Final takeaway: Build the system before you scale the stories

As Irena and I wrapped up our conversation outside of that San Francisco café, I shared with her that a common objection our sales team faces is that teams feel they can build and scale a customer evidence program just as effectively without investing in a tool like UserEvidence. She immediately leaned forward, and literally yelled: 

“If you have Qualtrics and SurveyMonkey and think you can do this yourself, you cannot. DO NOT try to DIY this! You will FAIL!”

(Clip here for proof—I bring the receipts.)

It made me laugh—and also validated everything we believe about how hard this is to do right.. 

Grammarly didn’t build a customer evidence program just to create content. They built a system that makes storytelling part of how their entire GTM engine runs.

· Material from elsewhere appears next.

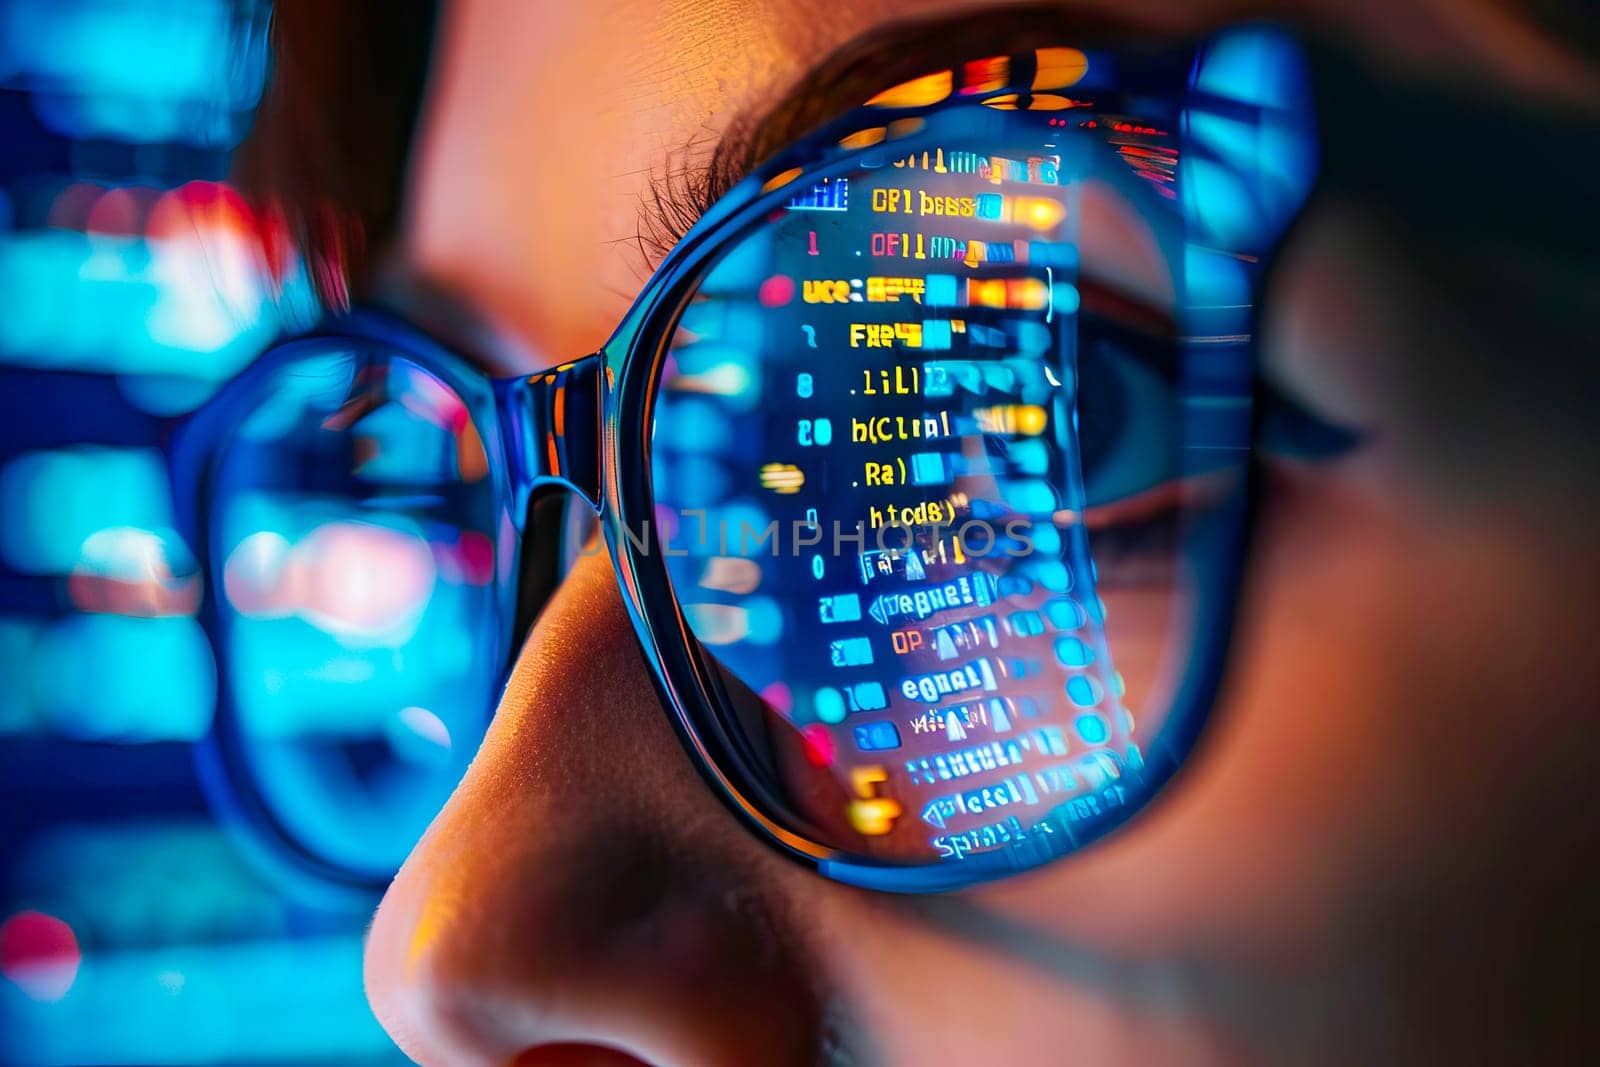 A close-up view of a person wearing a pair of glasses, with their eyes and a computer monitor in the background. by vladimka

They proved that a small, focused team can build big impact—if they commit to:

  • Adopting a flexible mindset about customer stories
  • Streamlining the creation process with the right tool
  • Giving every team access to customer proof

But as she reminded me, most teams can’t scale beyond a handful of stories without adding headcount or losing consistency. UserEvidence gave Grammarly the leverage to do both.

Customer evidence isn’t just a sales tool or a marketing asset. At Grammarly, it’s core to how they operate.

And now, they can’t imagine running GTM without it.